[Exercise description]
Please repeat the lines below exactly. Begin with the line containing "Poly180 Párna kerti" and go on through the line containing "Jimmy Choo Illicit".

[Information provided]
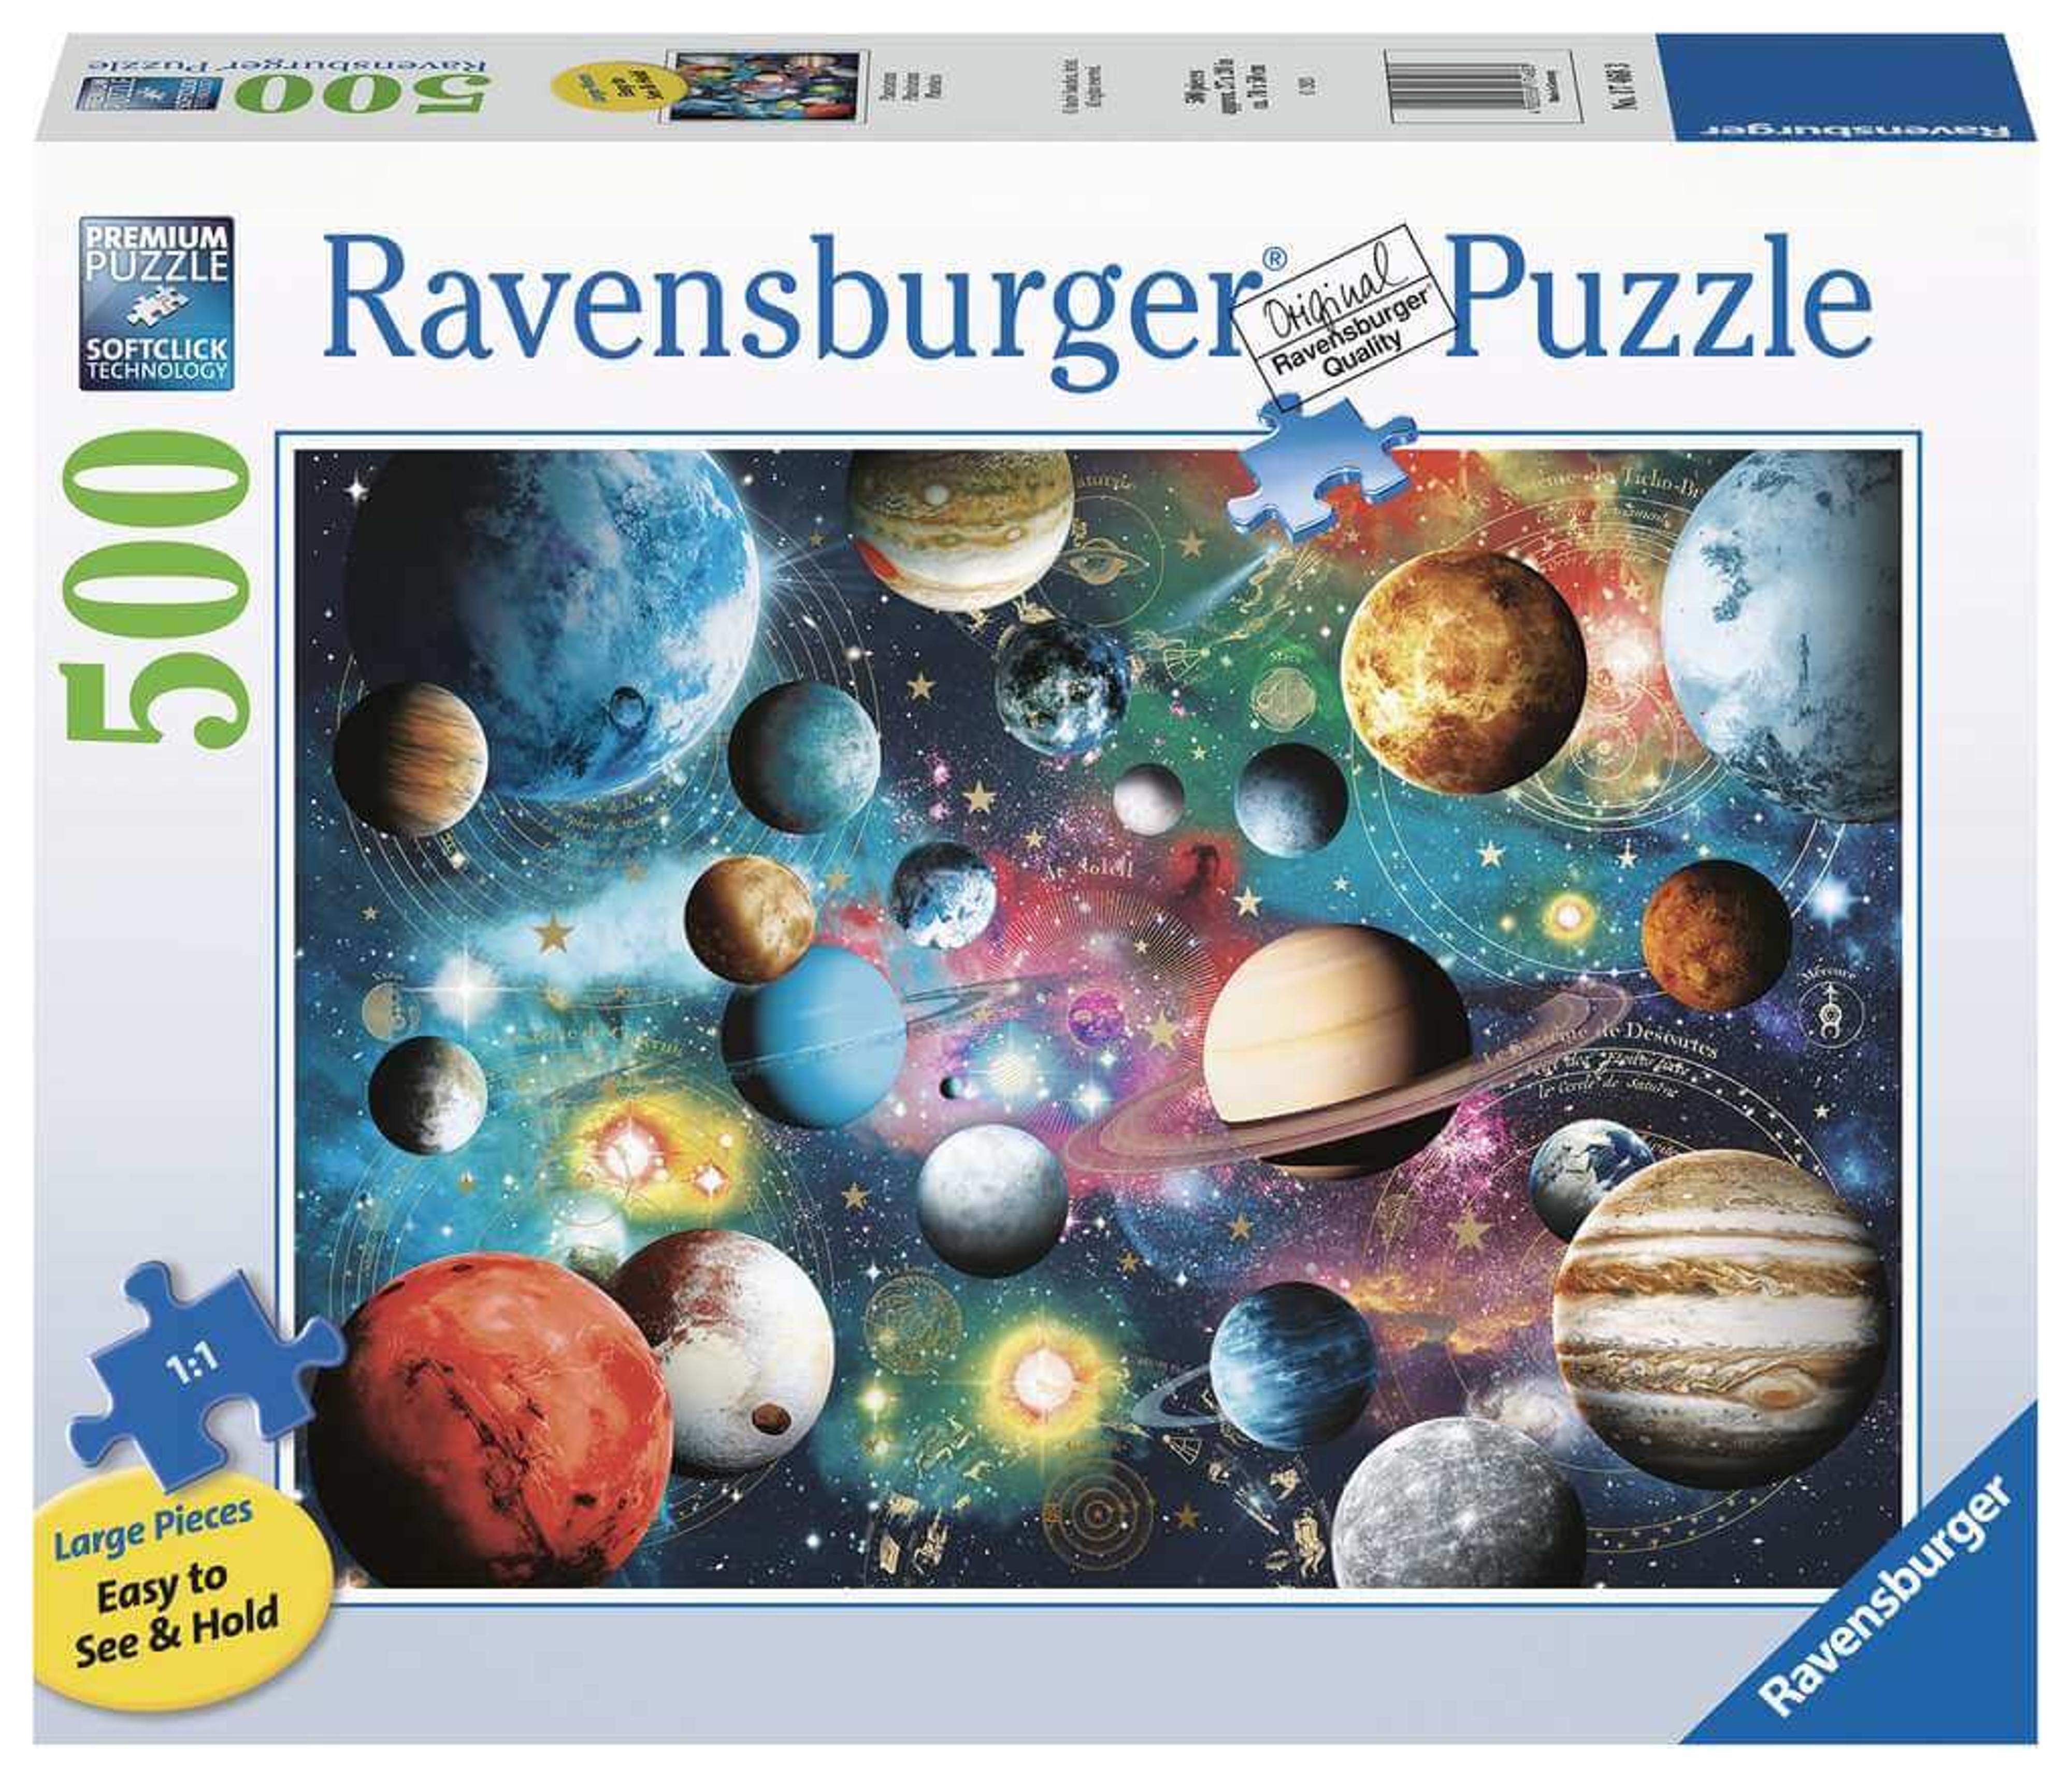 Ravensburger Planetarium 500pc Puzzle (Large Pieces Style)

* * *

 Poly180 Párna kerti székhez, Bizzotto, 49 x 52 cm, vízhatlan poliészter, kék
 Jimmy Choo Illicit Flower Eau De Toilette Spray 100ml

[Response to the task]
 Poly180 Párna kerti székhez, Bizzotto, 49 x 52 cm, vízhatlan poliészter, kék
 Jimmy Choo Illicit Flower Eau De Toilette Spray 100ml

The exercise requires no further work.